Já com relação ao fraco desempenho no varejo como um todo neste ano, Amato aponta como causas fatores estruturais - menor crescimento de salários e de emprego, menos crédito, aumentos das taxas de juros e da inflação e baixa confiança — e um fator conjuntural, que foi a Copa do Mundo.

Expectativa

Amato diz que “os resultados de julho continuaram influenciados pelo menor número de dias úteis decorrente da realização da Copa do Mundo, e pela existência de maior quantidade de feriados em relação a 2013”.

— Com relação aos demais meses de 2014, esperamos um crescimento das vendas físicas, devido a um calendário mais favorável - com poucos feriados - e à proximidade das festividades de fim de ano. Mas o aumento deverá situar-se em patamares inferiores aos de 2013.

Setores

Em julho, o setor com melhor resultado no Estado de São Paulo em relação ao mês anterior foi o das lojas de material de construção, com 20,7% de alta nas vendas físicas. Na comparação com julho de 2013, o destaque ficou com as lojas de departamento, porém somente no caso das receitas nominais, que tiveram expansão de 6%.

Já os destaques negativos ficaram para as lojas de eletrodomésticos e eletroeletrônicos e para as concessionárias de veículos.

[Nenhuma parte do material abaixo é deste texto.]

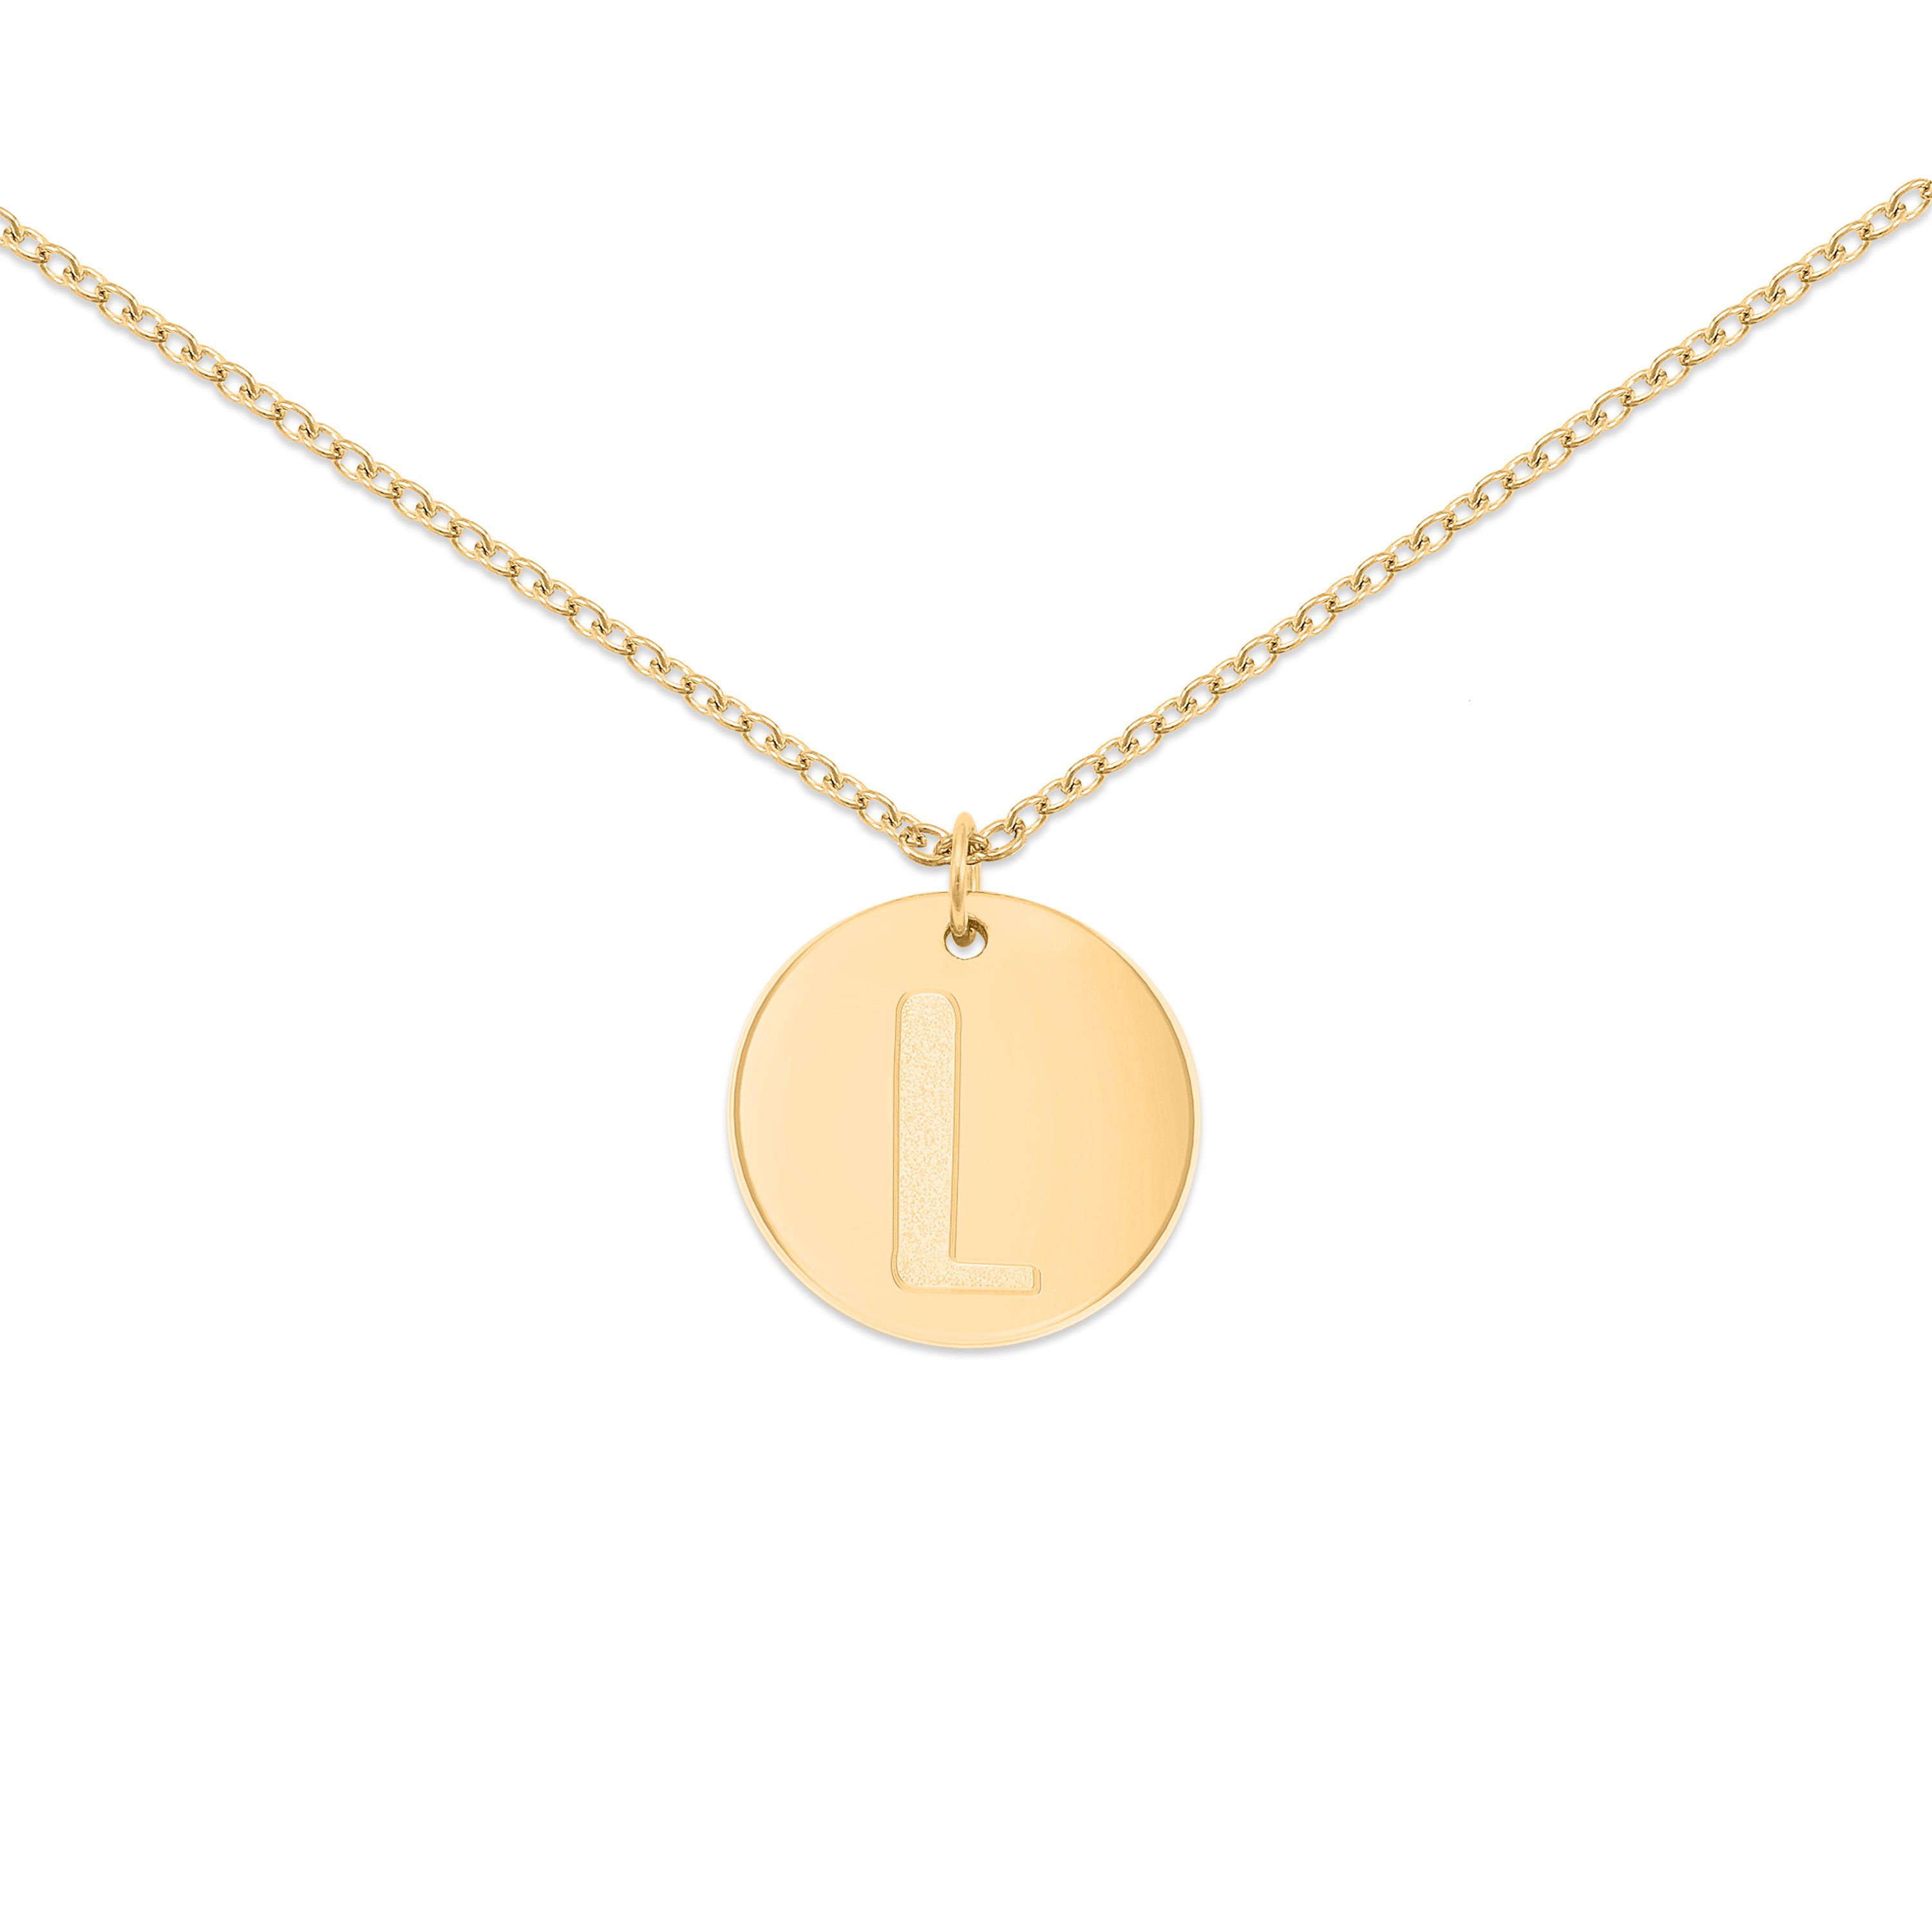 Frau Hoelle With Regard To Latest Letter L Alphabet Locket Element Necklaces (View 3 of 25)

No primeiro caso, no contraste com junho, houve recuo de 13,9% tanto na receita nominal quanto no volume de vendas. E na comparação com julho de 2013, as quedas nos faturamentos e vendas foram de 3,4% e de 9,3%.

As concessionárias viram seu faturamento e vendas crescerem 16,2% ante o mês anterior. Mas em comparação com julho de 2013, faturamento e vendas despencaram 13,6% e 18,8% no setor, respectivamente.